This diagram is for schematic purposes only and does not serve as a representation of the specific big data platform architecture.
Before considering the direction of data-enabled transformation, let’s first review the current status and potential bottlenecks of the overall big data platform.
The core of the unified big data platform base first includes the Hadoop base and Hive Metastore service. HDFS/YARN provided by Hadoop continues to provide reliable distributed computing and storage capabilities, which is the foundation for the overall big data ecosystem. Hive Metastore serves as a unified big data warehouse standard, providing warehouse information for docking various engines, and is the basis for all data scenarios. We have introduced three engines based on this in each period, namely Hive MR, Trino, and Spark, each of which plays a different role. First, HiveMR provides the final query and processing distributed execution solution, and also uses HiveSQL as the logical interface. Secondly, in order to solve the demand for speed in query scenarios, Trino/PrestoSQL was introduced as the OLAP query engine for Adhoc and BI. Because it may have single-point architectural limitations and has encountered 0day calculation errors, it is only used for queries, and Trino is independent. The syntax will become an asset independent of HiveSQL. At the same time, the Spark engine has been introduced in some scenarios as an ETL calculation engine compatible with HiveSQL. However, SparkSQL has not yet had a suitable solution and cannot be used on a large scale in a manner similar to HiveServer.
Here are several bottlenecks caused by data empowerment:
1. The engine interfaces for query and processing are inconsistent. Due to the huge performance improvement of Trino during data exploration, data development often uses Trino for data exploration first. However, Trino syntax is incompatible with HiveSQL syntax, resulting in the need to rewrite and verify once and assemble it into data processing logic again. The round trip is time-consuming and laborious.

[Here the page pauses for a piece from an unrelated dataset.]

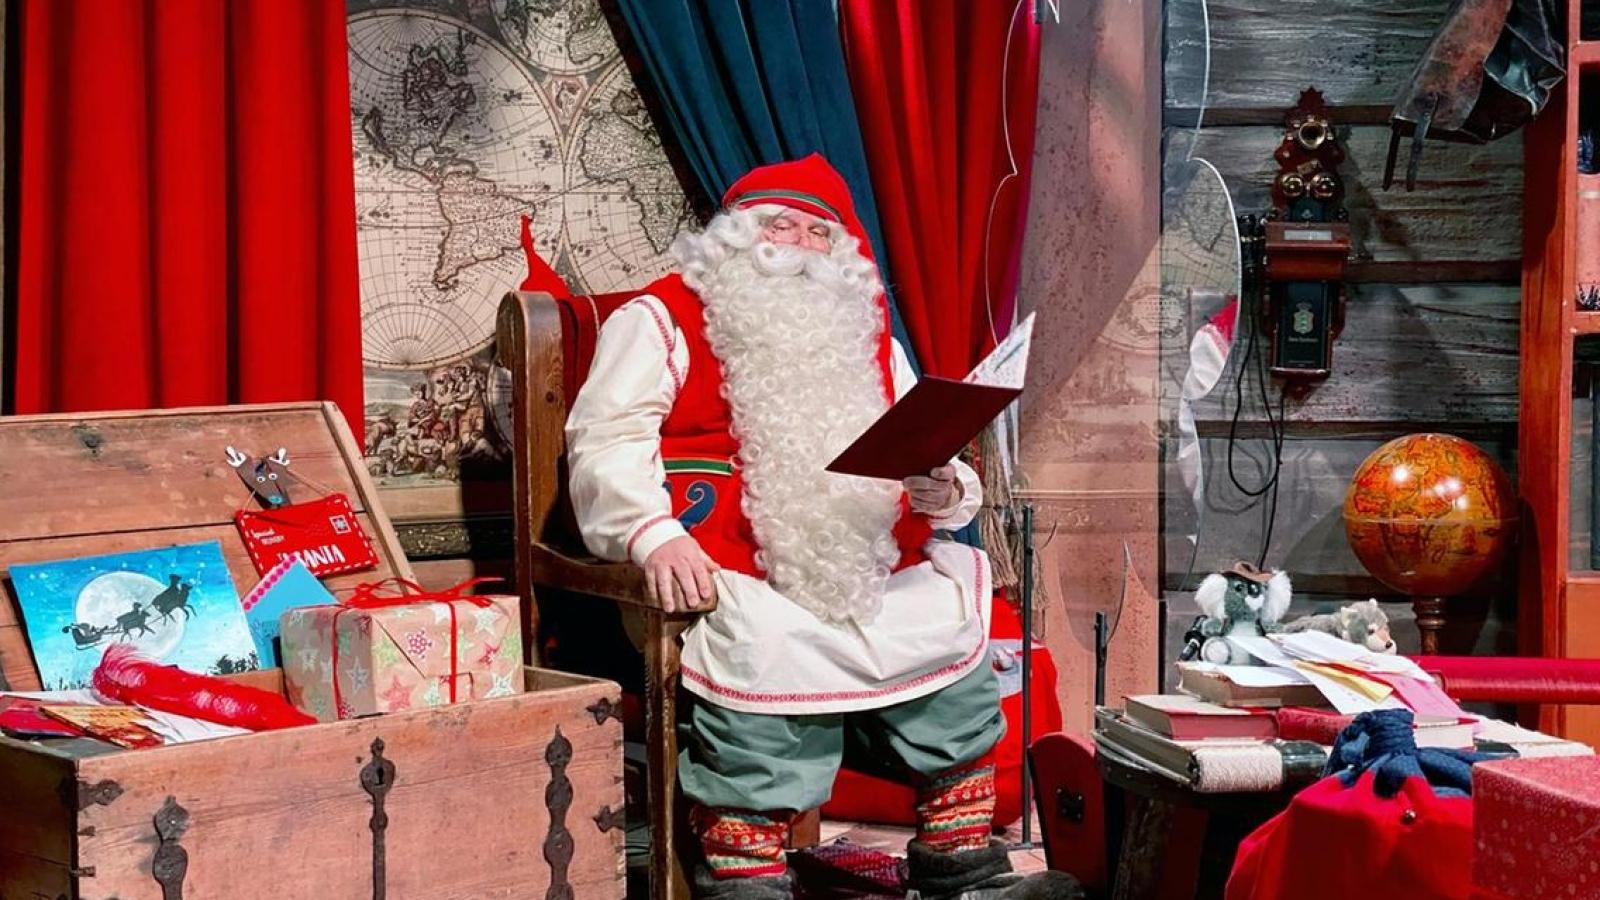 Thông điệp của ông già Noel: Covid-19 nhưng các em nhỏ vẫn có quà
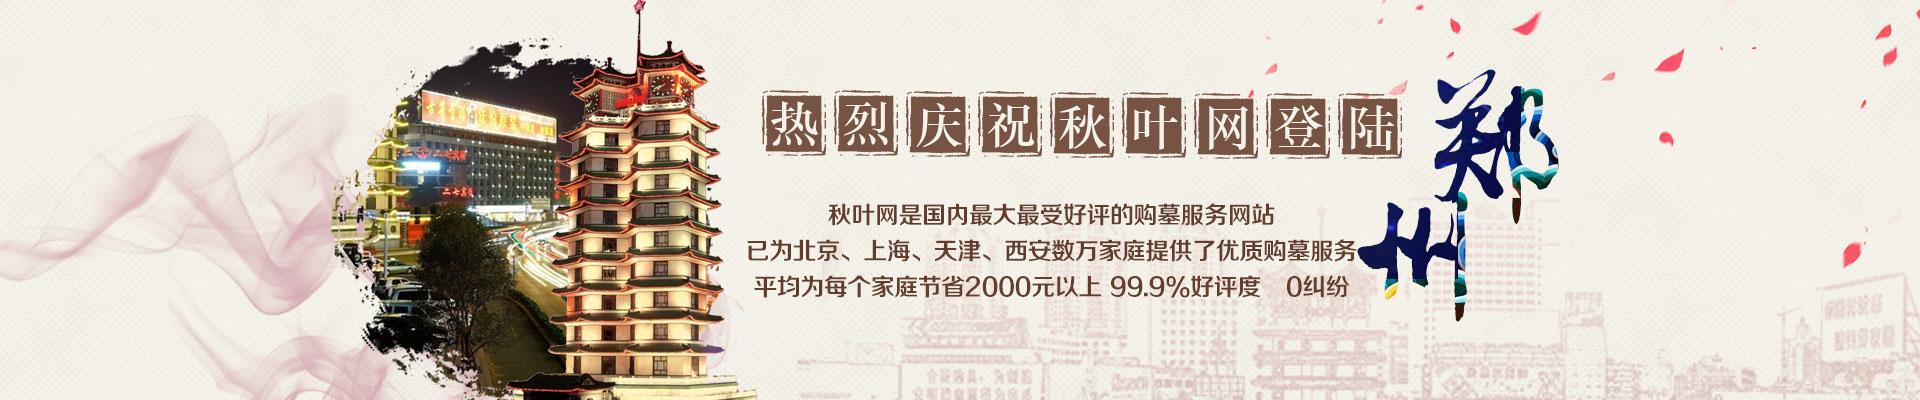 秋叶网登陆郑州

2. Relying on component details is too complicated for access parties. In data research and development, when connecting to the big data platform, developing a big data job requires consideration of many factors, from the technology stack version to the configuration path details, including the data warehouse metadata service HMS, engine (Spark, etc.), storage format, table format, etc. . This results in a series of costs for development, debugging, and operation and greatly reduces human efficiency, making it impossible to focus on completing business data logic.
3. The big data platform cannot evolve the service component version as a whole. When the job specifically determines the combination and details of components, it means that the big data platform provides services more as a resource bottom layer, and cannot uniformly shade and evolve engine versions, introduce new coordination services, and control the bottom layer according to the latest evaluation and business needs. resources etc.
4. Permissions are controlled through specific channels and cannot be opened and empowered as a general service. They can only be limited to specific application layer services. Strong regulatory requirements in the financial industry require that requirements such as list permission checks, confidential content filtering SQL rewriting, and centralized auditing must be met in specific scenarios on specific platforms. Rewriting the application layer such as data portals can meet the above needs, but it significantly limits the possibility of connecting the big data platform in general scenarios.
Architecturally, we need a unified big data enabling layer to solve the above problems while meeting the consistent requirements of the financial direction.
For the target positioning of the big data empowerment layer, in addition to reviewing the current situation and historical evolution burden, we also need to understand the overall challenges from a longer perspective in order to ensure our evolution direction and method.
In terms of macro challenges, the integrated data center brings all-round challenges at all stages of the data life cycle, which must be uniformly met at the big data enabling layer:
1. In data ingestion : The ability to ingest heterogeneous data from multiple sources into the data lake, including streaming, batch, structured, very structured and other forms of data sources, requires multi-catalog capabilities.
2. Out data output : push effective data assets to the scene to directly form specific data support capabilities, adapt to different schemas, unify and then transform.
3. With collaborative computing : The logical data lake method involves different catalogs and heterogeneous data sources in on-site calculations. The calculated access part replaces traditional data acquisition. It also has the reading and writing capabilities of heterogeneous data sources, and requires uniformity. logical view.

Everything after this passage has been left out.